Writing Lethargy Due To Overwork

The past two years have been filled with heavy work hours, reducing my writing output to a trickle of my previous productivity. There was a time when I was able to produce a moderate-sized chapter every 3-4 days, consistently, for months. Including R&D time spent writing code, some of which I was not quite prepared for in advance.

It seems like the programming books I worked hardest on sold the fewest copies, while those that I wrote very quickly were bestsellers. For instance, Visual Basic Game Programming for Teens, first published in Jan, 2005, was based on Visual Basic 6.0 and the DirectX type library.

I wrote that book in one month flat, including all of the design work for the sample game, artwork, etc. (The artwork was done by an artist, but I had to convert character animations into sprite sheets). ONE MONTH! Four weeks. My editor at Cengage was a bit freaked out by that because I had promised her the book by October 31, and hadn’t turned anything in by the end of September! I told her I would meet the deadline…somehow. Reason for the delay: Sams’ Black Art of Xbox Mods, which I’d spent all summer working on (including soldering iron to install mod chips into several iterations of the Xbox). It was hard work. By the time I’d finished, I was ready for a straightforward software project, so VB Game Programming for Teens was a sort of “Build Your Own RPG in VB.”
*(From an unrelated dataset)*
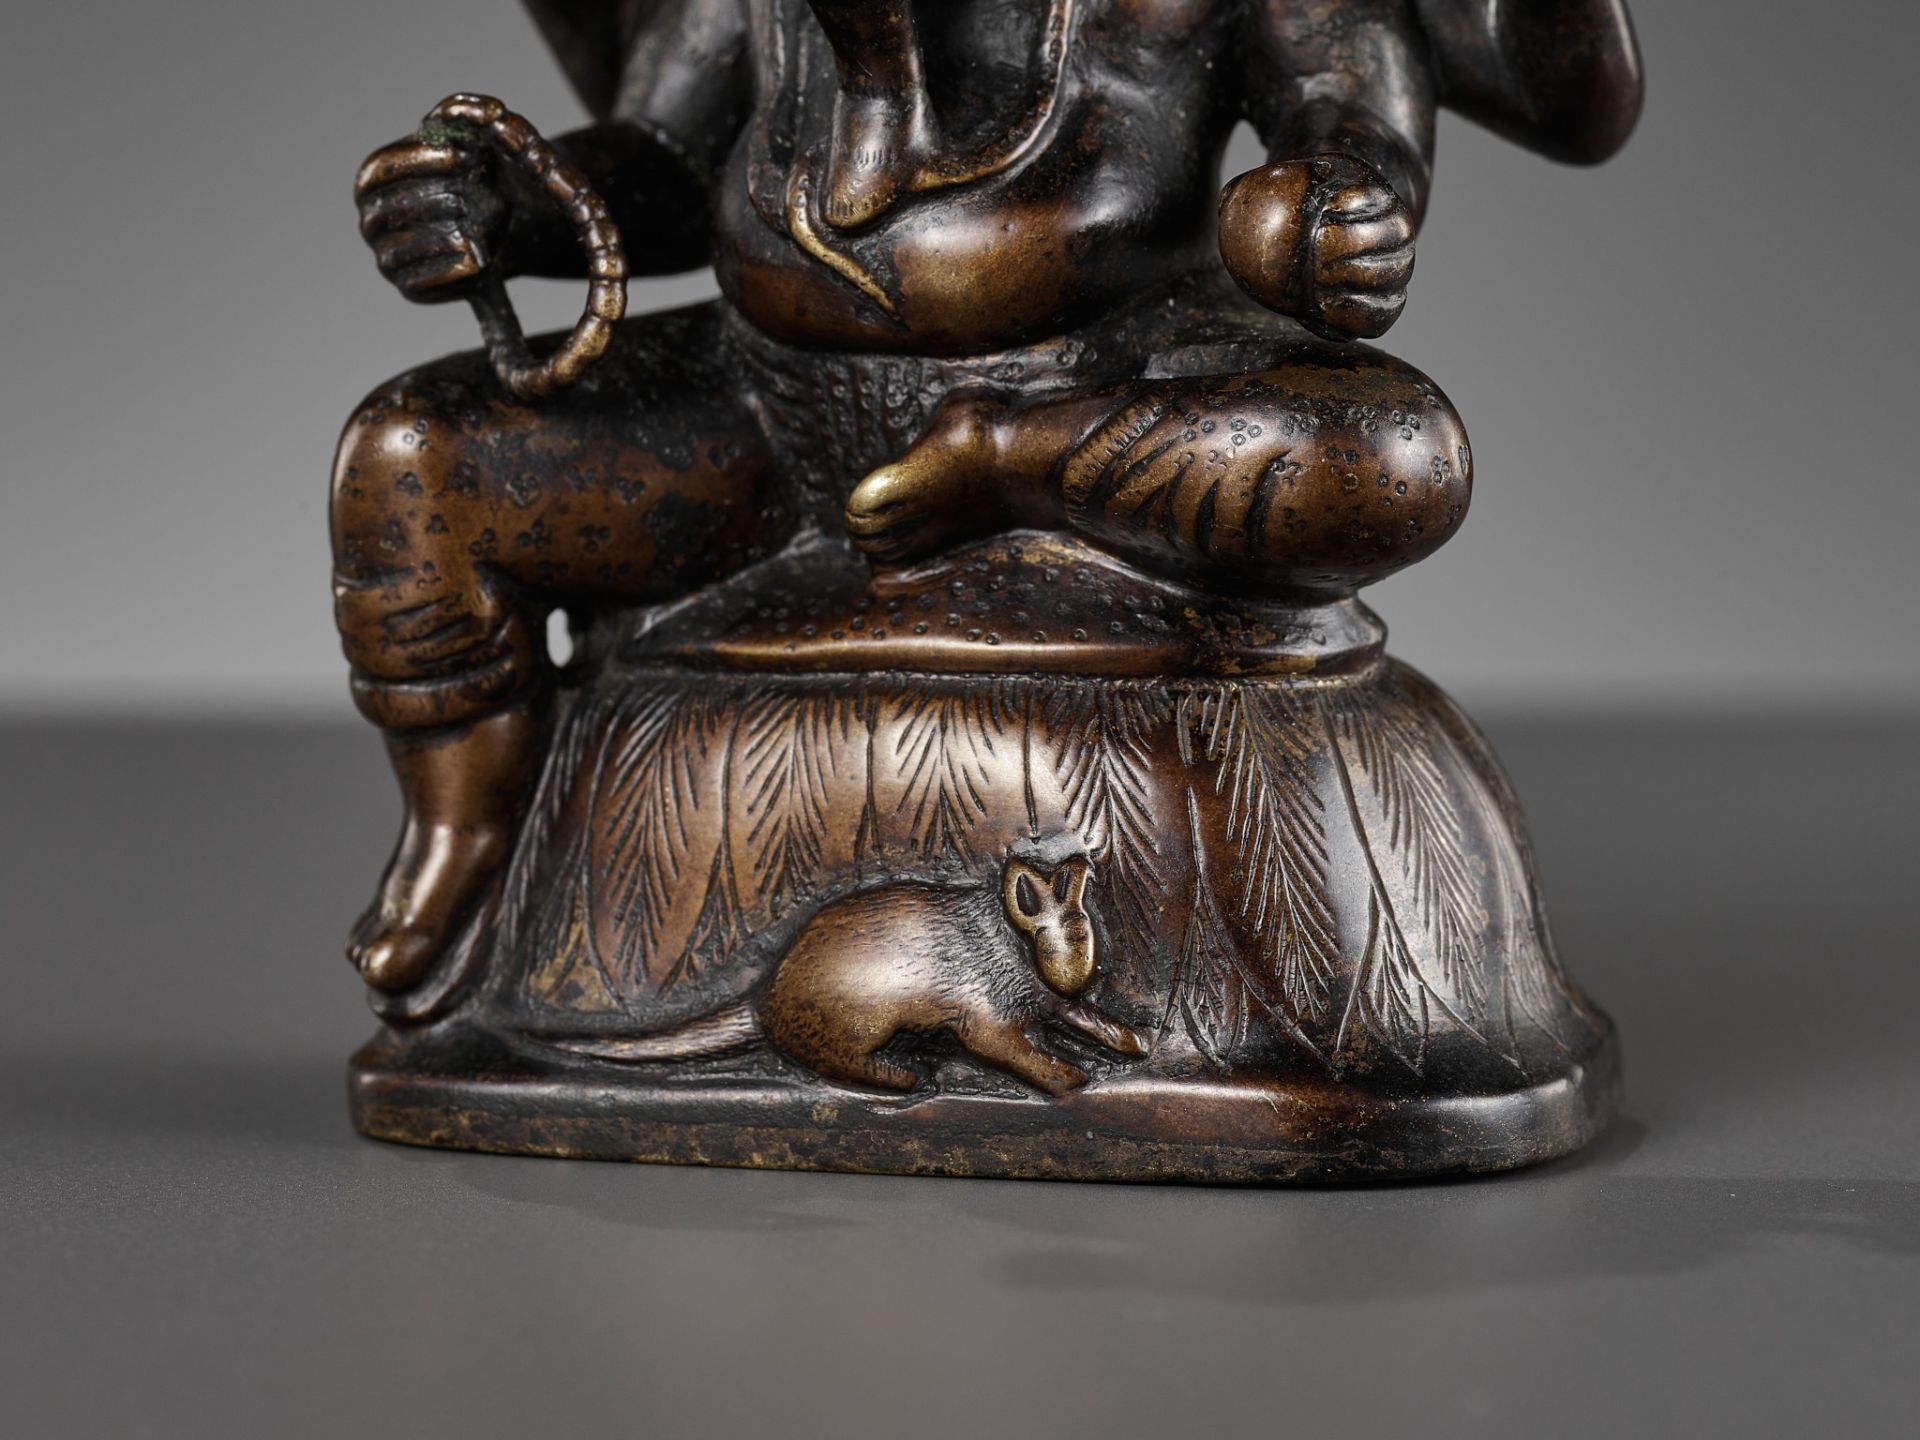 A SMALL BRONZE FIGURE OF GANESHA, SOUTH INDIA, 17TH - 18TH CENTURY - Image 2 of 14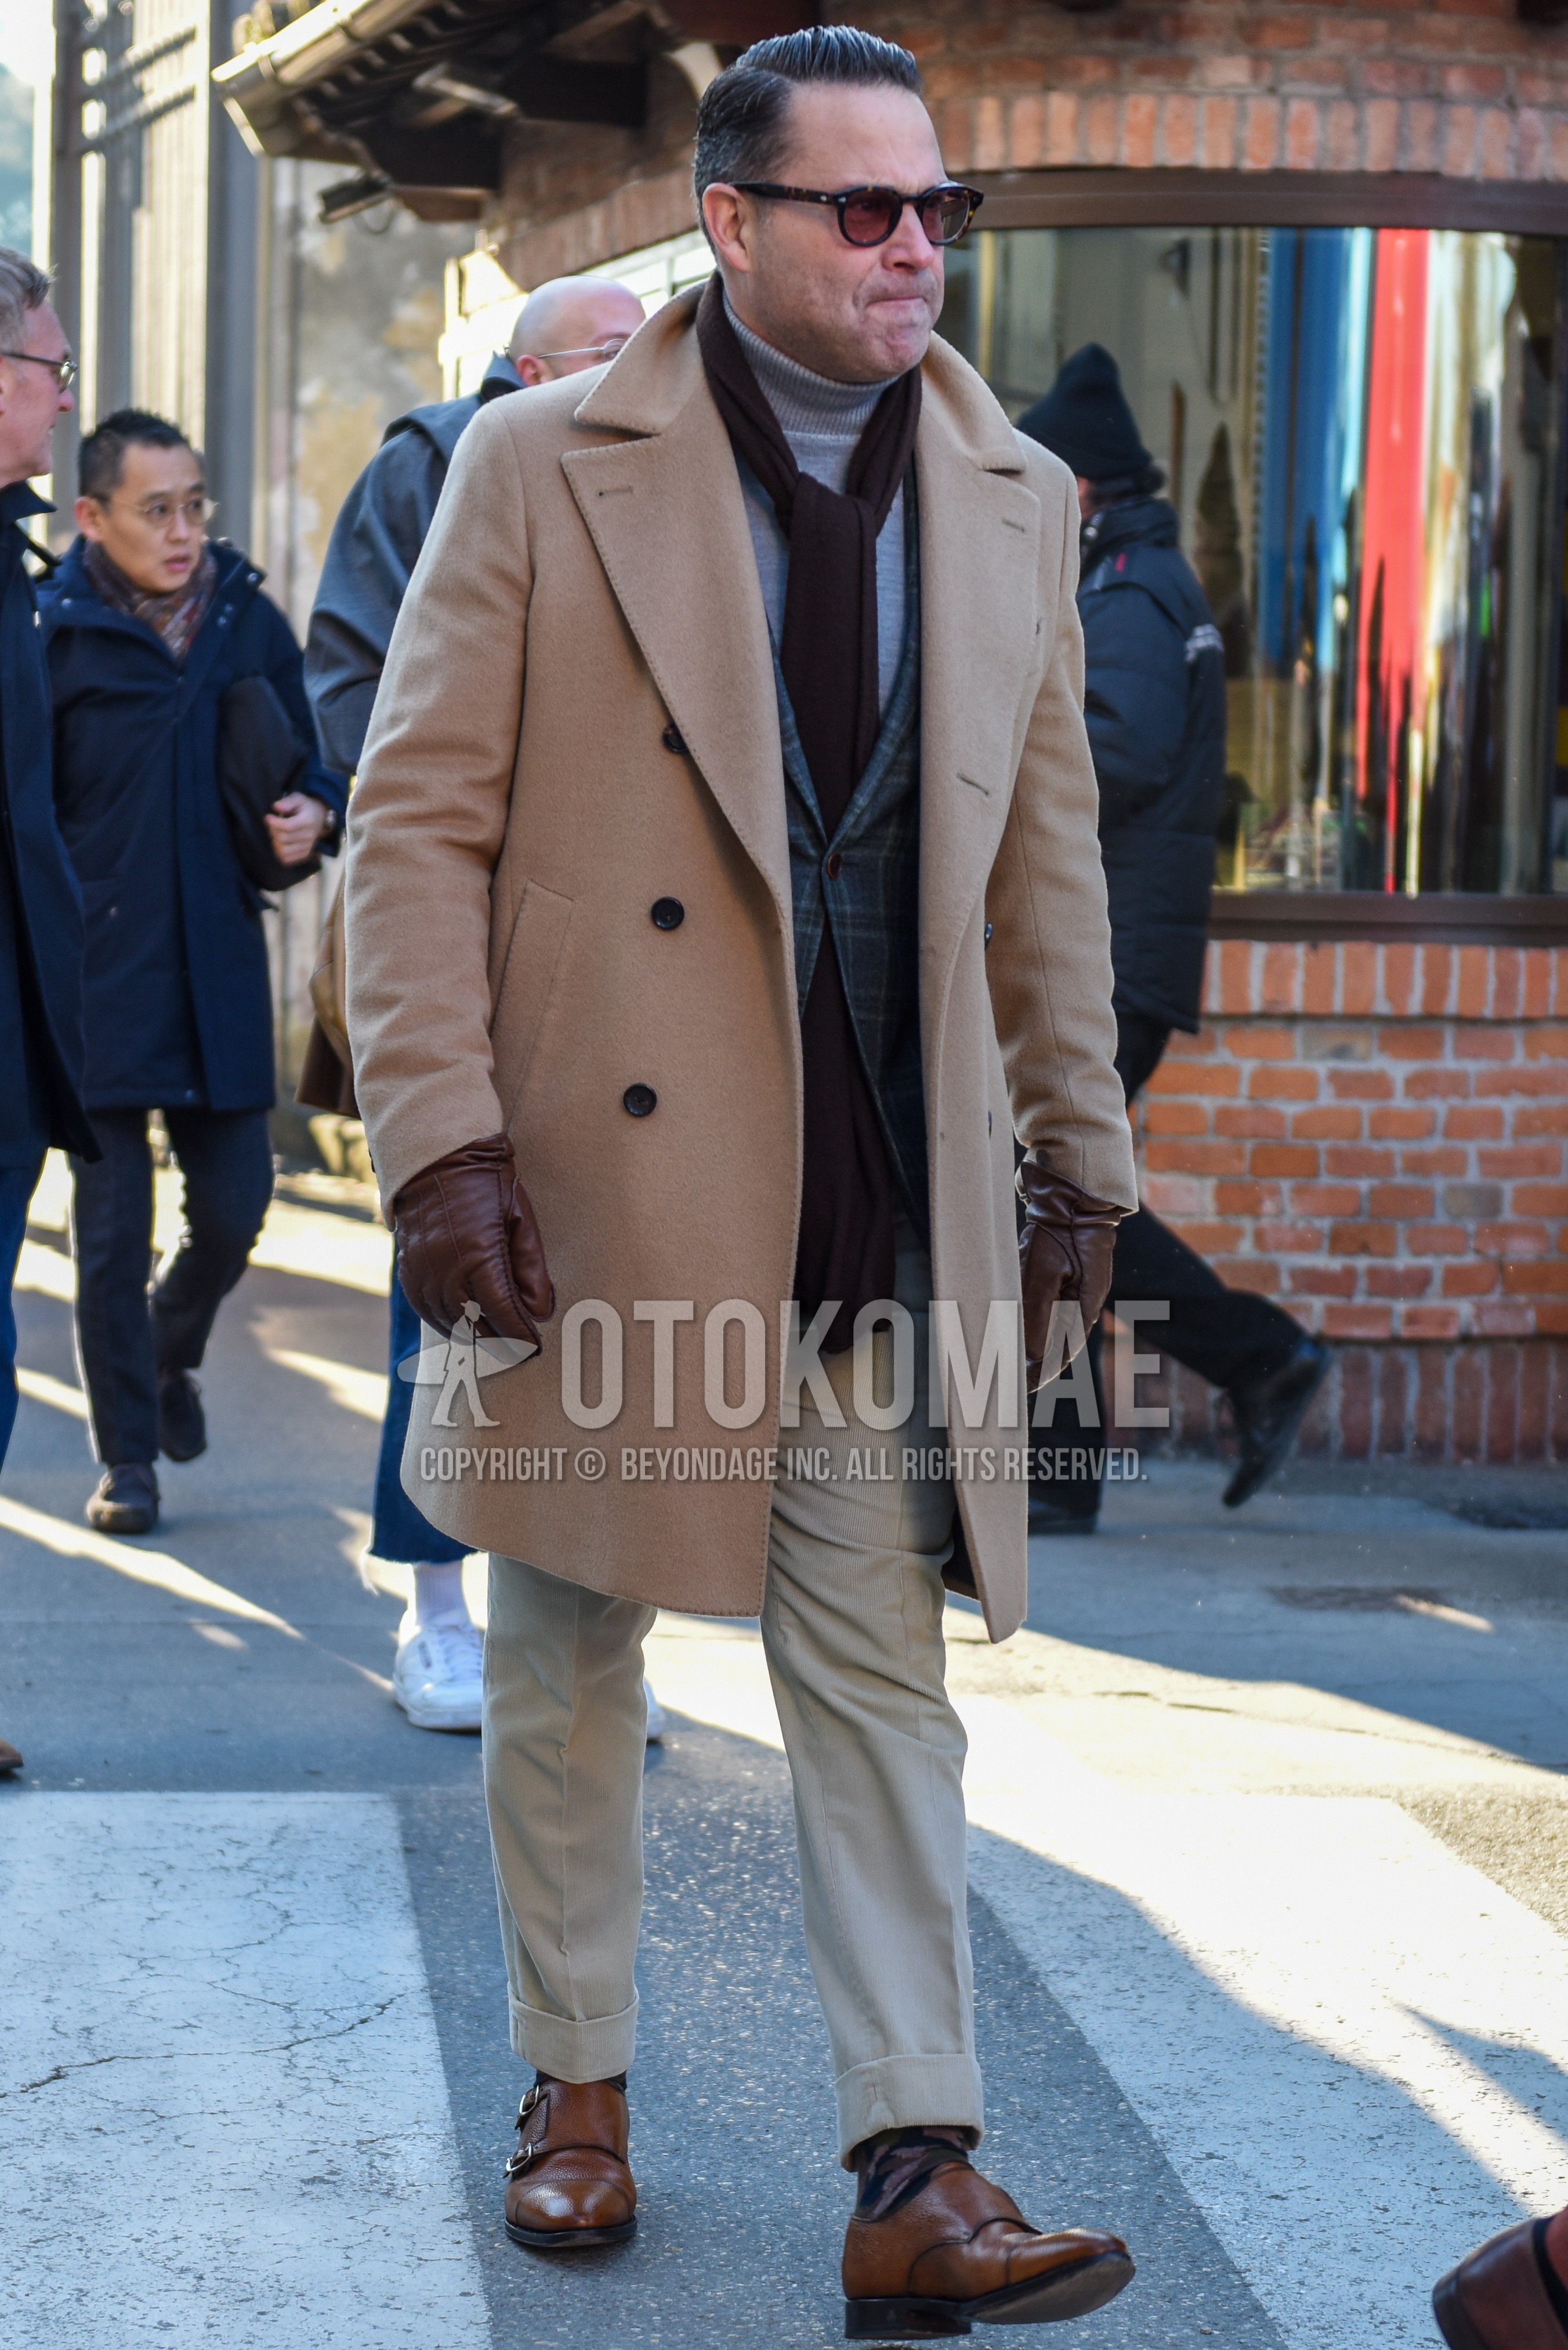 Men's autumn winter outfit with brown tortoiseshell sunglasses, brown plain scarf, beige plain chester coat, gray check tailored jacket, gray plain turtleneck knit, beige plain chinos, multi-color socks socks, brown monk shoes leather shoes.

The book I worked hardest on, most time consuming, was Multi-Threaded Game Engine Design. It received a range of review scores because of unrealistic expectations on the part of readers, which may be due to an unfortunate book title. It was a good idea but how can you explore game engine design with threading without building a game engine first? No one wants to read about an existing game engine, they want to build it. Well, readers of this book didn’t so much. I don’t know what they wanted, actually, but I delivered an engine that would let you explore threading in various sections of the game loop, such as the entity manager, 2D renderer, shader renderer, audio system, input system, collision detection system, and so on. But it wasn’t deep enough for the most outspoken readers. I almost had a nervous breakdown from that book. I was dismissed from teaching at UAT on bad terms in the middle of this book, and was finishing up the final chapters on a laptop while travelling. It’s a good book. I’ll never apologize for it. That engine was solid. I used it for a ton of stuff over the years.

The easiest book was probably Video Game Programming for Kids, which sold very, very well, and the VB for Teens book sold on par. For a programming book, it’s rare to sell more than 20,000 copies. Most of them sell in the < 5,000 range. Those two sold 20,000 each. The shortest writing times, the least amount of work and stress, for the biggest return. I don’t know what to make of that. But it causes me to ponder my approach to writing fiction.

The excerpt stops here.